_Work item_: Output a character-exact copy of the data, images removed.

_Data_:

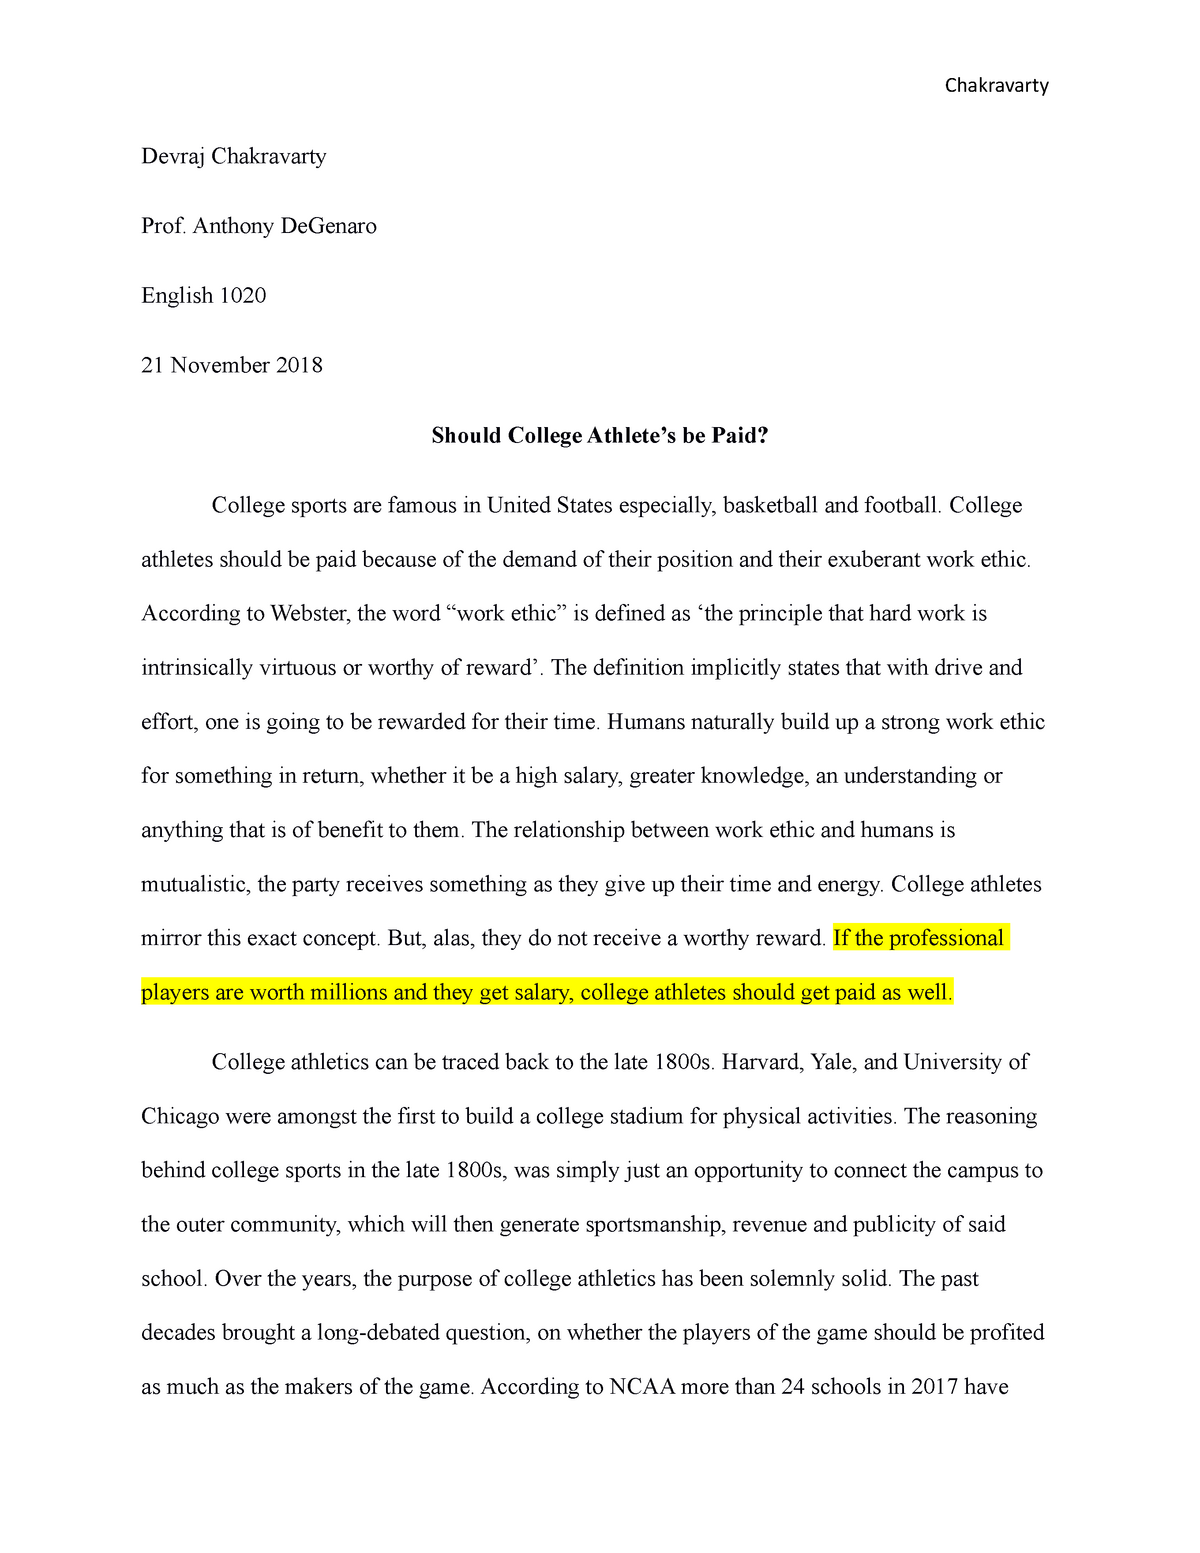 research paper on why college athletes should be paid
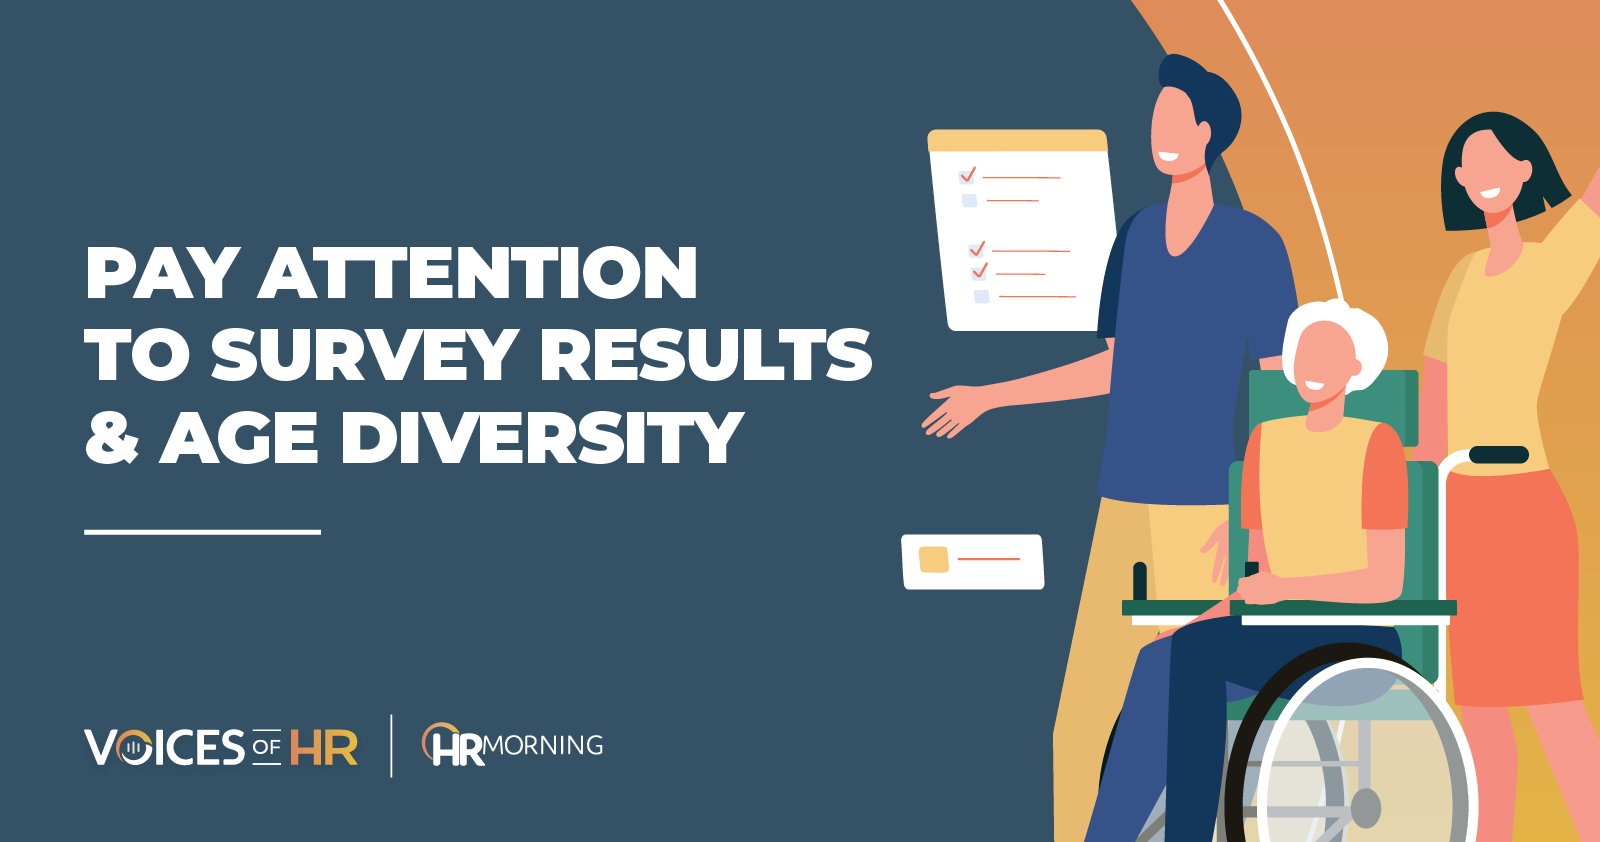 Pay attention to survey results & age diversity
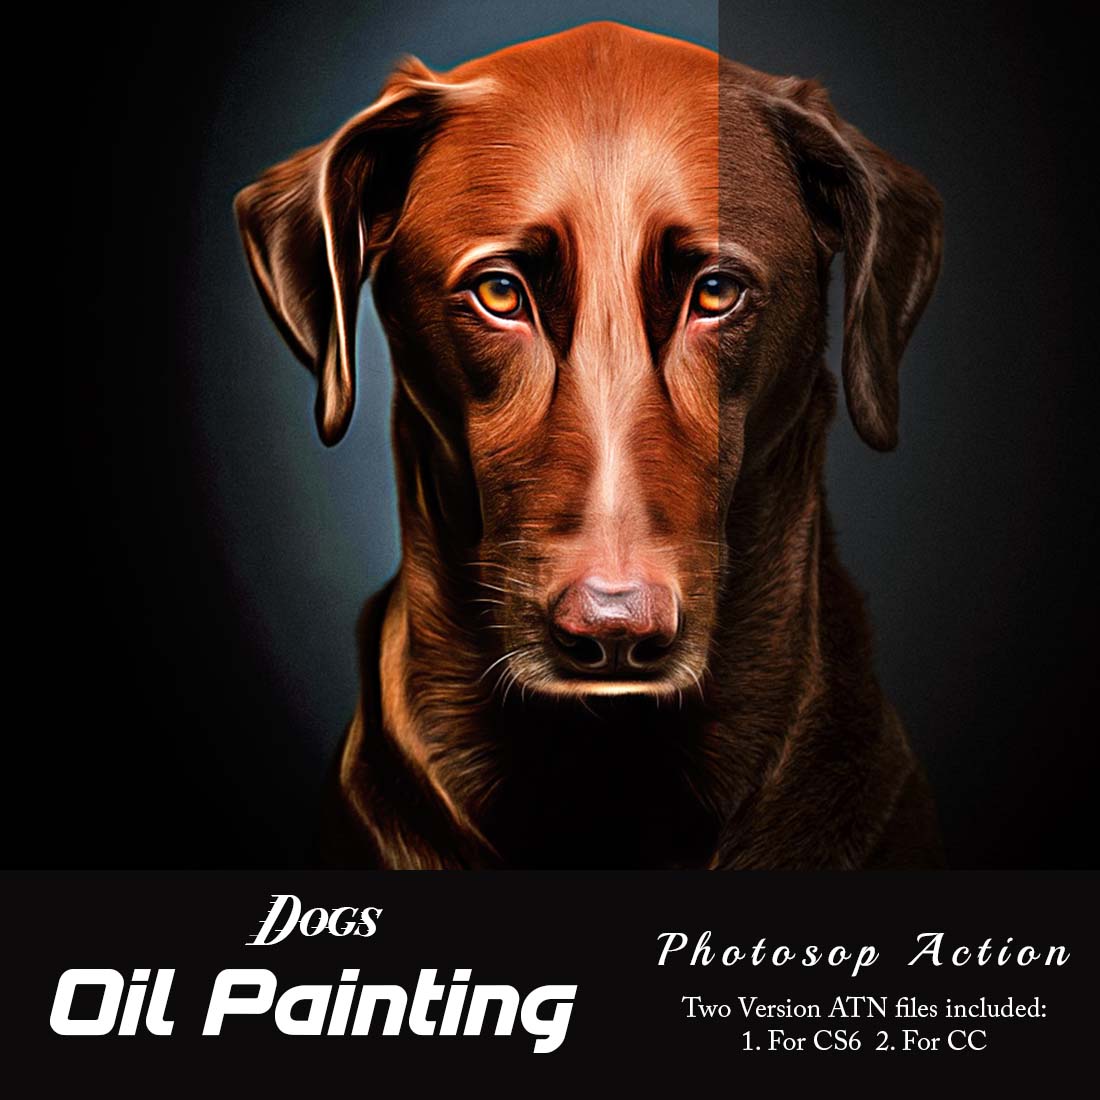 Dogs Oil Painting Photoshop Action cover image.

_Finished exercise_:
 research paper on why college athletes should be paid
 Pay attention to survey results & age diversity
 Dogs Oil Painting Photoshop Action cover image.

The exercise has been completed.